Jindal To Try Disassociation-asan

Sajjan Jindal-promoted JSW Steel has bid for three of the five steel assets on the IBC block. Monnet Ispat & Energy Ltd., Bhushan Steel Ltd. and Bhushan Power and Steel Ltd. It’s the only bidder for Monnet and hence may hope to have a high chance of success. Wait.

Filial connections may play spoiler. Sajjan Jindal’s sister Seema is the wife of Sanjay Jajodia, promoter of Monnet Ispat. Now there’s no denying that JSW Steel is a separate commercial entity and legitimate competitor in the industry, and yet some may argue it could be rendered ineligible.

Go back to the ABC, OPQ illustration and replace them with Sajjan Jindal and Seema Jajodia, respectively. As explained, if ABC is connected to, say OPQ, and OPQ meets any of the ineligibility criteria, then ABC too stands ineligible.

Seema Jajodia and Sajjan Jindal are “related parties”, making the two “connected” under the IBC.

Seema Jajodia is not eligible to bid for Monnet Ispat as she is one of the promoters of the NPA, violating clause #4. Will that will infect Jindal and JSW’s eligibility?

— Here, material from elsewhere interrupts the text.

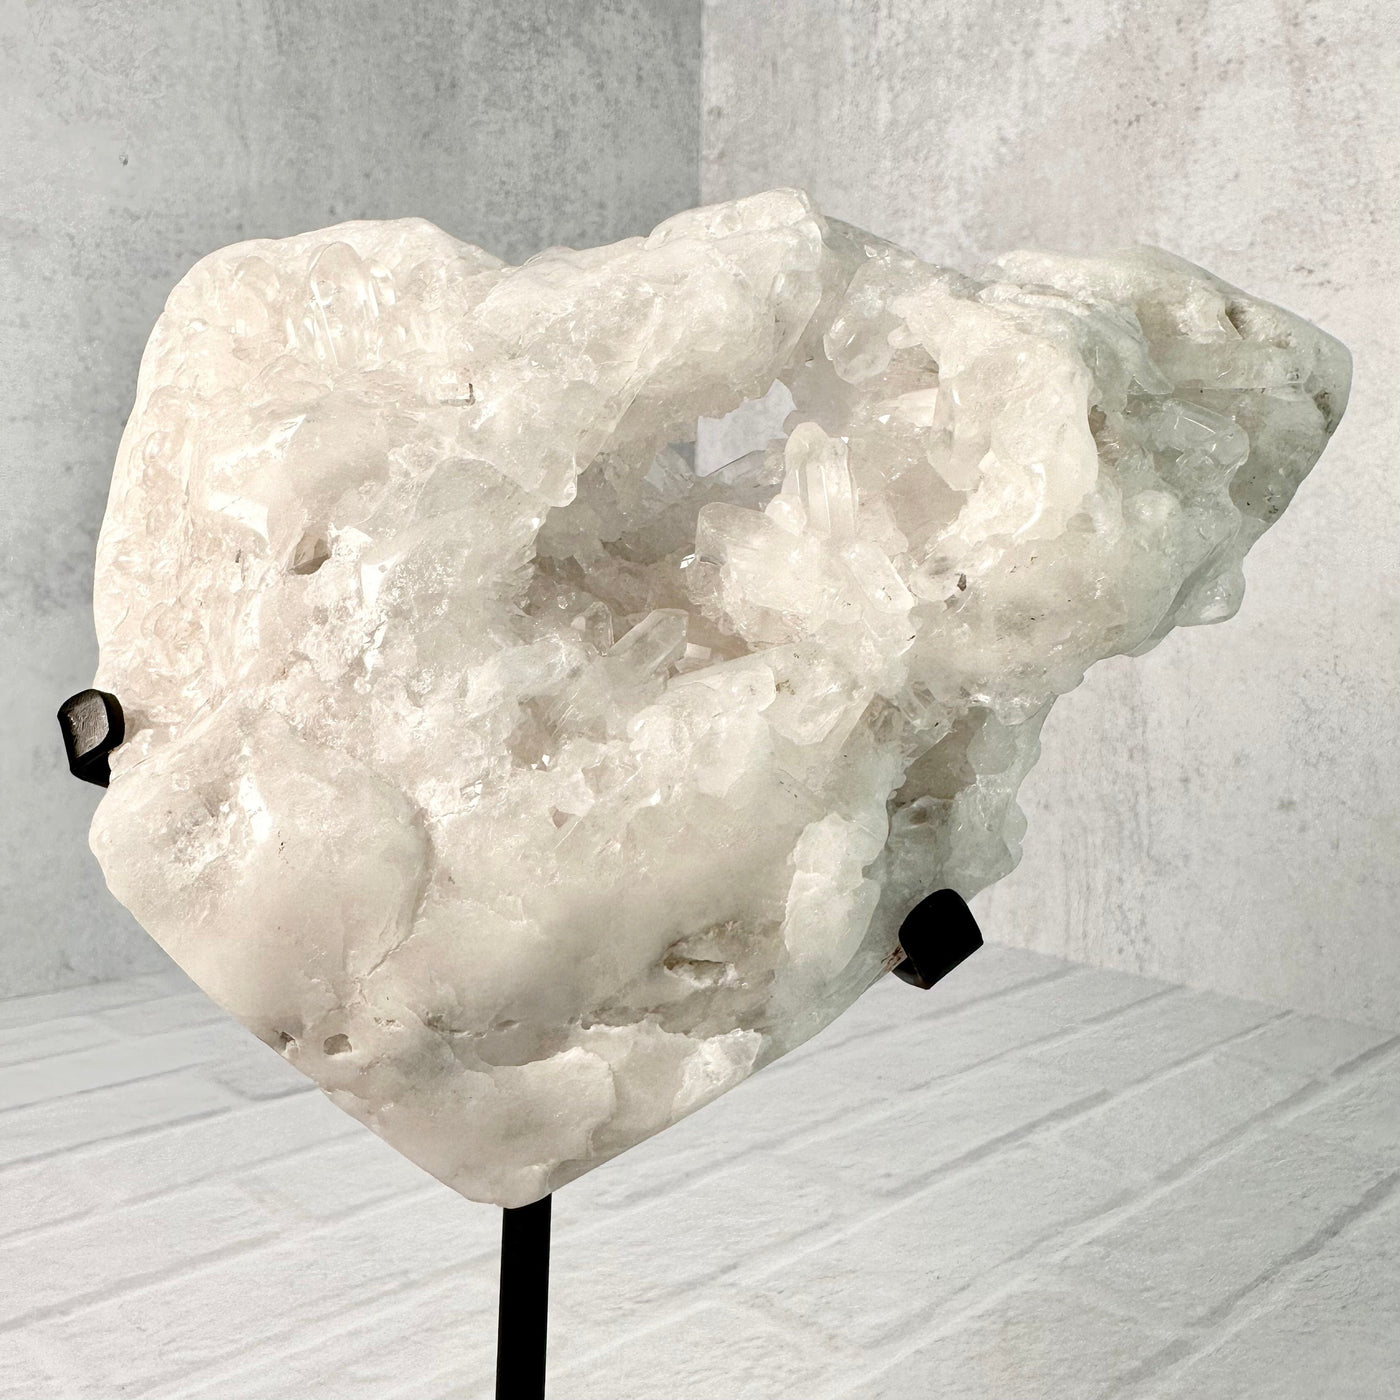 Up close frontal view of Crystal Quartz Cluster Heart on Metal Stand.

Jajodia attempted to remedy the situation in advance when in January she gifted away her Monnet Ispat shares and the company issued a statement on her behalf saying “she was not involved in the formation, management, and control of the company from inception and her classification of promoter was incidental to her minuscule holding in the company”.

Jajodia said “she has desired to be disassociated as or from promoter group of the company immediately”.

But will that be enough distance between Monnet, her, Jindal and JSW?

JSW Steel’s Comment
We believe that we are qualified resolution applicant as per provisions of IBC 2016 and the amendments thereto.
- Spokesperson

The next few weeks will reveal if these contortions help these promoters and their companies or leave them in knots.